Il y a au moins une excellente mesure dans le nouveau code de la route dont on attend l’adoption depuis des lustres, c’est l’introduction d’alcootests. On sait que l’alcool au volant n’est pas réprimé car, officiellement, le Maroc est un pays musulman dont les conducteurs sont sobres comme des chameaux. Sauf que cette fiction provoque plus de 500 morts par an. Les islamistes qui contestent l’introduction d’alcootests, au prétexte que leur utilisation reviendrait à cautionner la consommation d’alcool, adoptent une attitude à peu près aussi responsable que les papes qui proscrivent le préservatif quand le sida tue trois millions de personnes par an. Admettre que ce ne sont pas les 50 000 résidents étrangers qui boivent 650 000 bouteilles de Flag chaque jour (car après tout il faut être marocain pour apprécier la Spéciale !) serait une petite révolution. Et un authentique symbole. Car en reconnaissant un vice marocain (l’alcoolisme), on en combattra un autre (la violence... routière en l’occurrence) et on en supprimera un troisième (l’hypocrisie).
C’est d’ailleurs ce dernier vice qui est notre principal problème et c’est en grande partie de ce défaut que résultent tous les autres… qui n’en sont que parce que nous les considérons comme tel.

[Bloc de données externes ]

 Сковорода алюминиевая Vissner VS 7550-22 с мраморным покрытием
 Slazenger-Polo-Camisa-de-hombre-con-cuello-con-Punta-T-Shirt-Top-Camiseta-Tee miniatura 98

Un vice n’existe qu’en fonction d’une époque et d’une civilisation. N’importe quel philosophe athénien ou n’importe quel Marocain d’avant la nouvelle Moudawana marié à une jeune fille à peine pubère serait aujourd’hui sous les verrous pour pédophilie. Entendons-nous, il n’est pas question de cautionner les vices d’autres temps et d’autres lieux. Mais de rappeler que le curseur de la morale se déplace allégrement suivant les époques et les cultures. Notre kif national, qui était dans l’ADN du Royaume, est aujourd’hui au ban de la société… parce que la morale d’autres pays consommateurs nous l’impose. Et à quoi sert cette interdiction sinon à susciter de nouvelles dérives mafieuses ? On sait depuis Al Capone que la prohibition crée la criminalité, le sordide et l’arbitraire. Il y a toujours des vices cachés dans la vertu ostentatoire.
La pénalisation de l’amour hors mariage et la sacralisation de la virginité engendrent d’autres effets pervers dans notre pays où 15 % des prostituées déclarent avoir conservé leur hymen (1) ! D’abord parce que les permanences de lutte contre le sida reçoivent des jeunes filles certes vierges mais pourtant infectées par d’autres pratiques. Ensuite parce que les gynécos accouchent régulièrement de jeunes mères pucelles qui ont pratiqué l’amour sans pénétration. Mais pas sans risque.
Il reste maintenant à faire le tri entre les vices dont il faut atténuer les conséquences si celles-ci sont préjudiciables à la santé des Marocains (la drogue, l’alcool, le sexe à risques) et combattre efficacement ceux qui minent les fondements de notre société (la corruption, la violence...). Mais pour cela, il faut d’abord regarder en face la mère de tous les vices, l’hypocrisie, dont l’emprise mentale empêche toute évolution sereine. Il faut dépénaliser les vices qui n’en sont que dans la tête… des vicieux.
(1) Enquête de l’Organisation panafricaine de lutte contre le sida au Maroc (OPALS-Maroc). Réalisée en janvier 2008 auprès de 500 prostituées marocaines.